In all datasets and in all top-k intervals, the accuracy of maxRD is equal or larger than the accuracy of the full information case. Generaly, the maxRD OSim values are larger than 0.6 for all datasets, except the D1 (egoFacebook) and top-1% (Fig. 3 a). Moreover, the OSim values are always larger than 0.8, in five out of eight datasets in SIR and six out of eight in SIS, for at least one of the two centrality measures.

For instance, from Figs. 3 a and 4 a, we observe that in the top-1%, a very narrow interval, the maxRD identifies more than the 80% of the influential spreaders in five datasets, D2, D5 to D8.

An important result is that the maxRD OSim values, in terms of degree centrality, are generally very close to the OSim values with respect to the k-core, obtained from the original graph. This means that by sampling the 20% of the graph and by using only local information/measure, that is the degree centrality in the generated samples, we can approximate the accuracy of k-core (global information) computed in the original graph. We note that the k-core is generally more accurate than the degree centrality (see Kitsak et al. 2010).

Ranking similarity

We continue the analysis examining the Kendall tau rank correlation coefficient measure. For a given graph G, top-k and centrality measure, we apply the Kendall tau measure between the ranked centrality values of the nodes in the maxRD samples with the centrality values that those nodes have in any position of the ground truth ranking. We follow the same procedures for the top-k nodes of the full information case, that is, when we compute the centrality values in the original Graph.

The Kendall tau values are computed only for the degree centrality because each k-core value is assigned to a group of nodes, hence many ties may occur.

Figures 5 and 6 present the average Kendall tau values over the 100 maxRD samples, along with the Kendall tau values for the original graph, for each top-k separately.
Fig. 5

Ranking similarity, SIR epidemic. a-f Average Kendall tau values in terms of degree centrality obtained from maxRD samples, along with the Kendall tau values based on degree centrality obtained from the original graph

Fig. 6

Ranking similarity, SIS epidemic. a-f Average Kendall tau values in terms of degree centrality obtained from maxRD samples, along with the Kendall tau values based on degree centrality obtained from the original graph

We observe that in four out of eight datasets, (D2, D5, D7 and D8), the average Kendall tau values lie on the intervals (0.73,0.85) and (0.65,0.80) for SIR and SIS, respectively. Thus, there is a large positive correlation between the ordering of the top-k nodes in the samples and the ordering that these nodes have in the ground truth raniking. For instance, for every top-k, the Kendall value for the dataset D8 (Slashdot0922) - the largest of the eight datasets - is always very close to 0.8 in both epidemics. Moreover, maxRD outperforms the full information case in any dataset and top-k interval.
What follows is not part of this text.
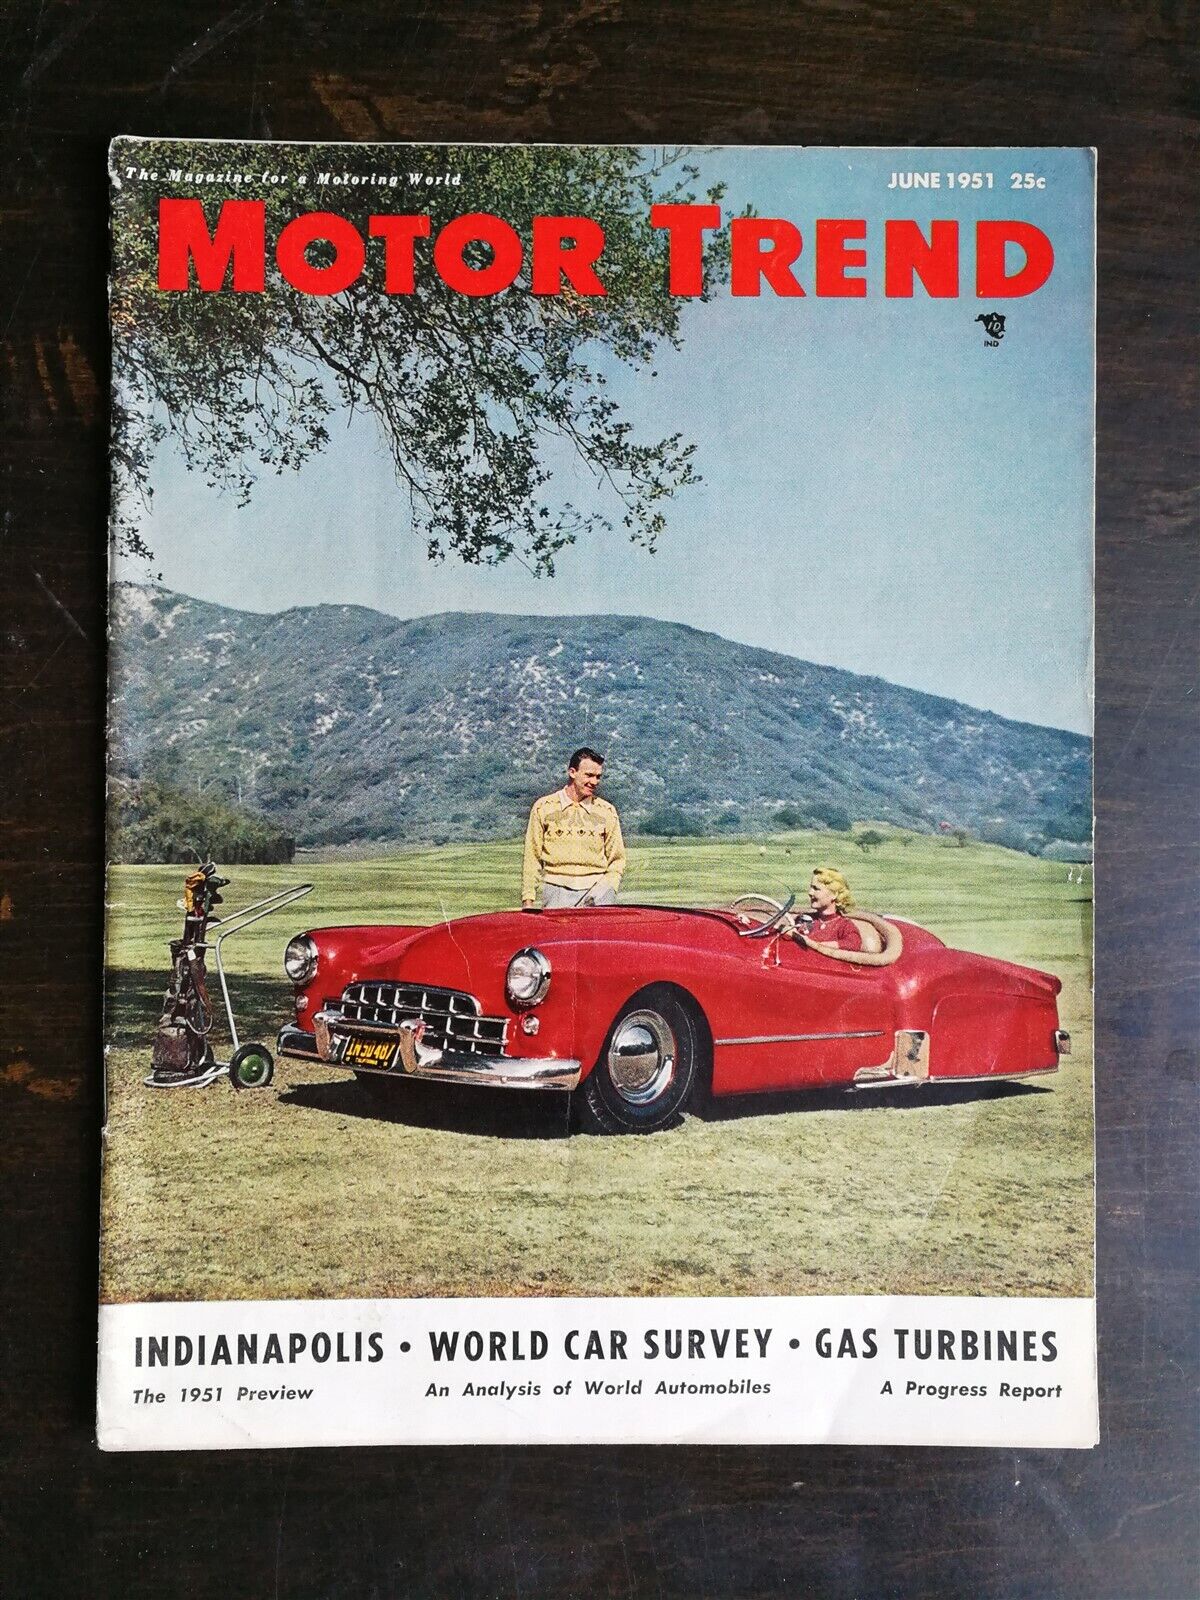 Motor Trend Magazine June 1951 - Studebaker V-8 - Customs - Stars & Cars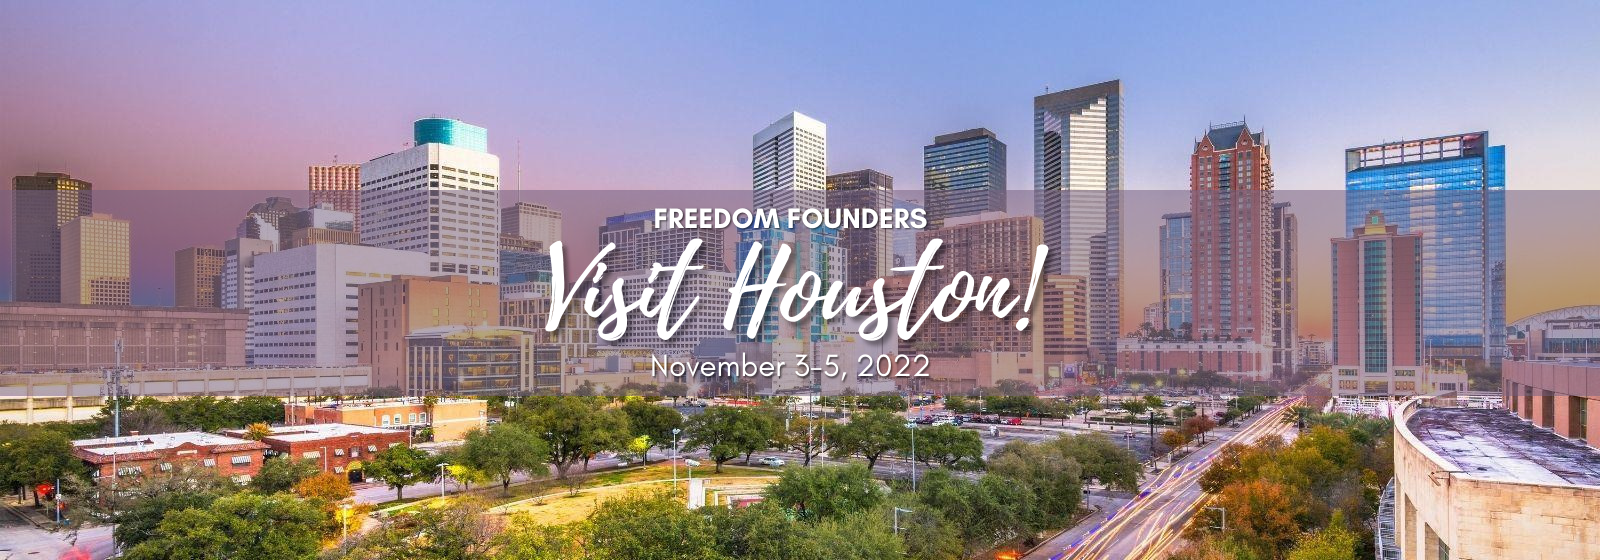 Visit Houston!

Comparison of sampling methods

We continue the analysis, by comparing our method with three well known graph sampling algorithms: the Forest Fire (FF), the Metropolis Hastings Random Walk (MHRW) and the Metropolis Hastings (MH). We note that the MH is a “centralized” algorithm which takes as input the original graph; while running for thousands iterations, it performs a degree distribution approximation. For the sake of simplicity, only the results of SIR are shown. In SIS epidemic, the algorithms exhibit similar performance with the one in SIR.

Figures 7 and 8 present the basic evaluation measure for the SIR epidemics, that is, the imprecision and OSim. We present the results for the degree centrality in separate plots, for each top-k interval. Let us note, that the imprecision and OSim values for the maxRD algorithm have already been presented in Figs. 1 and 3.
Fig. 7

Comparison of the sampling methods. SIR epidemic. a-f average imprecision values based on the degree centrality values, obtained from the 100 samples of each method

Fig. 8

Comparison of the sampling methods. SIR epidemic. a-f average OSim values based on the degree centrality values, obtained from the 100 samples of each method

The maxRD significantly outperforms all the other three methods. Specifically, in four out of eight datasets (D2, D5, D7, D8), the maxRD imprecision values lie on the interval (0.0043,0.0140), for every top-k. On the other hand, the values of FF and MH are larger than 0.2, in at least half of the datasets (see Fig. 7). Only in the D1 dataset (egoFacebook), the MH exhibits similar performance with maxRD. The Metropolis Hastings Random Walk, in particular, is the one which presents the lowest performance.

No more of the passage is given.